Varton
- Type: Private
- Industry: LED lighting
- Founded: 2009; 17 years ago
- Headquarters: Moscow, Russia
- Area served: Russia
- Key people: Denis Frolov (chairman), Ilya Sivtsev (CEO)
- Revenue: about 3.25 billion rubles
- Number of employees: 500
- Website: http://varton.ru/en

= Varton =

Russian technology company

Varton is a Russian technology company, a manufacturer of LED lighting.

The winner of Eurasian Award 'Golden Photon' in 2020, 2021, 2022, 2023 in "Best product of the year" and "Best project of the year" nominations.

== History ==

The company was founded in 2009 by Denis Frolov, the former development director at Wimm-Bill-Dann group, who decided to start his own business after he learned that the group was planned to be sold to PepsiCo in 2010. Before Frolov had been buying LED lamps for the production, and he assumed that the demand for them will grow. The parliamentary debate of the law On Energy Saving (adopted a year later, in November 2009) also contributed to his choice of business niche.

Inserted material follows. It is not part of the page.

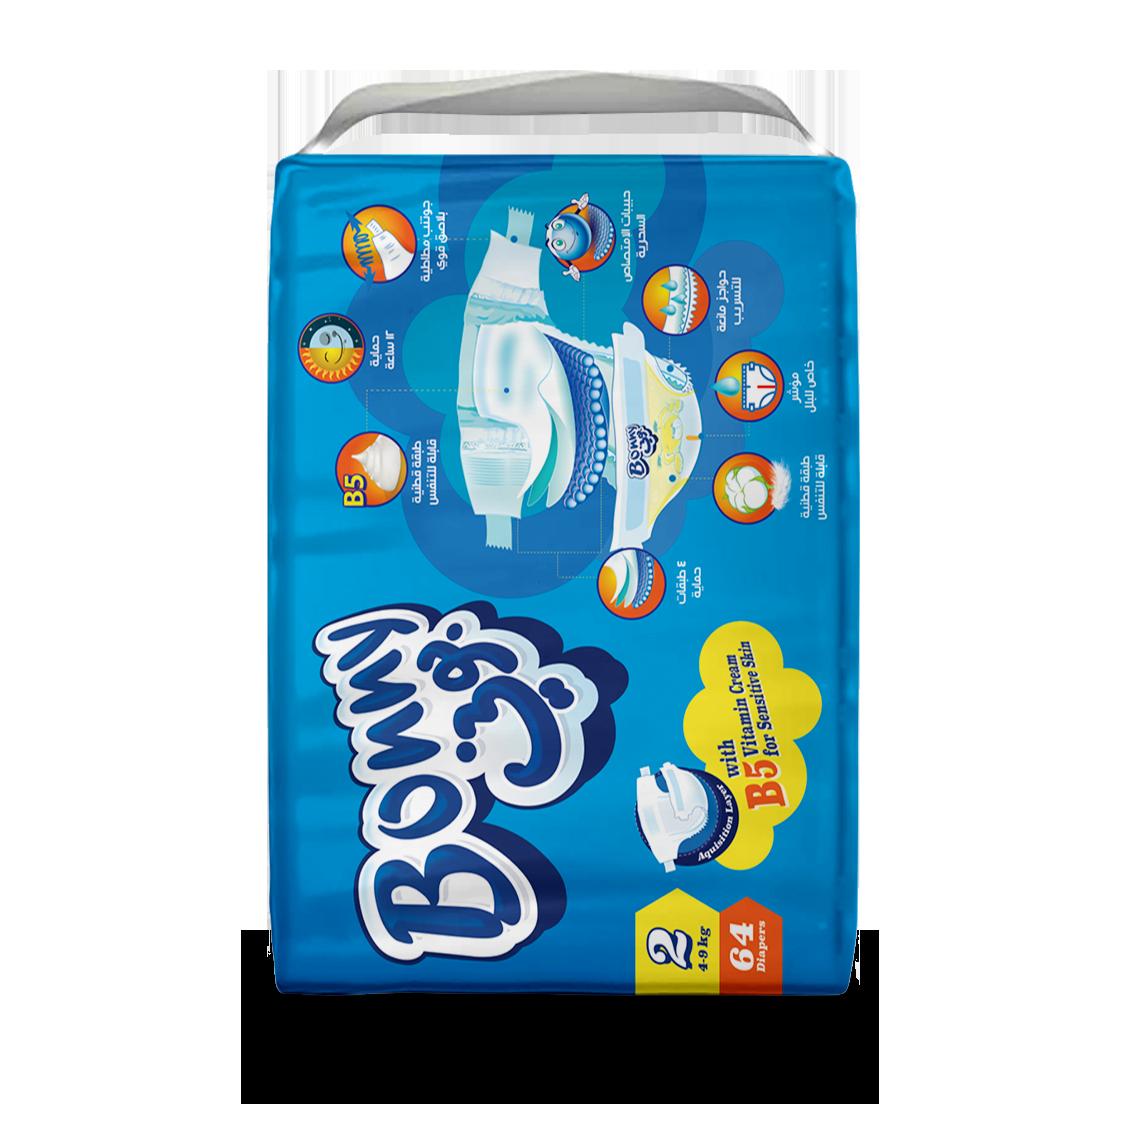 Bonny Packaging
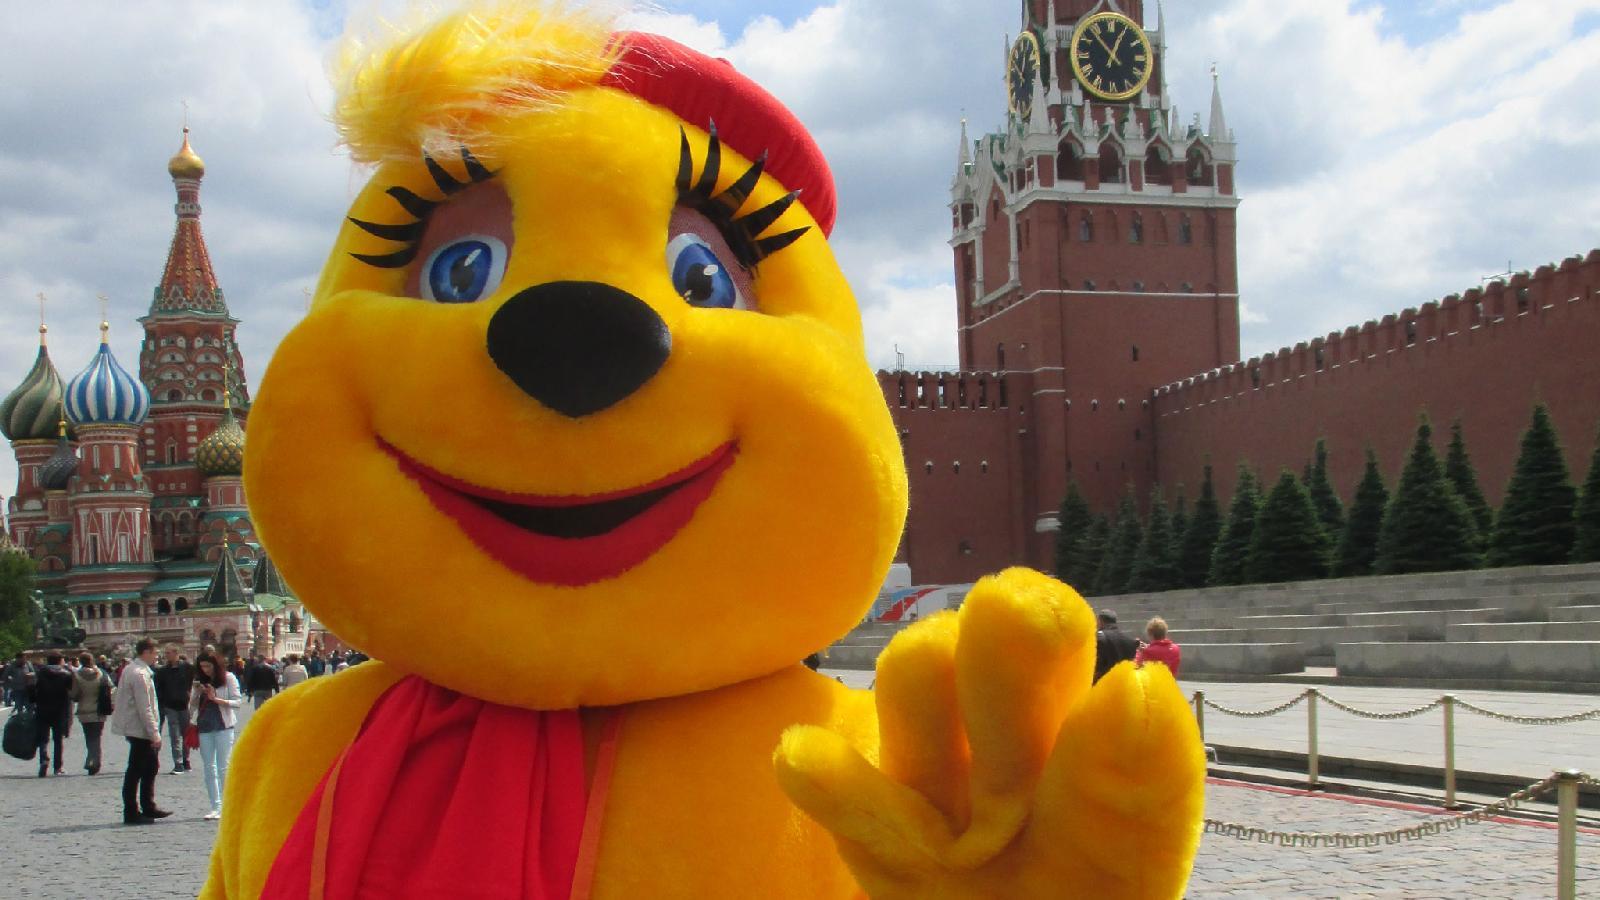 «Мурзилка» на книжном фестивале «Красная площадь». Москва. 4 июня 2017 года

Start-up capital amounted to 40 million rubles of his own and borrowed funds. The company started with sales of Chinese compact fluorescent lamps under its own brand Gauss. Ilya Sivtsev, who previously helped Frolov find suppliers and distribute Gauss products, soon became his business partner, co-owner and executive director of Varton. The decision made in 2010 to reorient to LED lighting, led to making enough profit by the fall of 2012 to purchase an abandoned factory in the town Bogoroditsk of Tula region and to invest 250 million in the launching of the production and enter the corporate market with a new trade mark Varton. By 2016, total investment in the factory reached 1 billion rubles.

== Business model ==

The structure of Varton includes laboratory and scientific-production center of 20 thousand square meters in Bogoroditsk, the central office in Moscow and overseas in Hong Kong and Italy. The company employs 500 people, half of them work at the production site, where students of the Bogoroditsk polytechnic college take part in work experience programs. 20 full-time employees work in the company’s design center developing new lamps.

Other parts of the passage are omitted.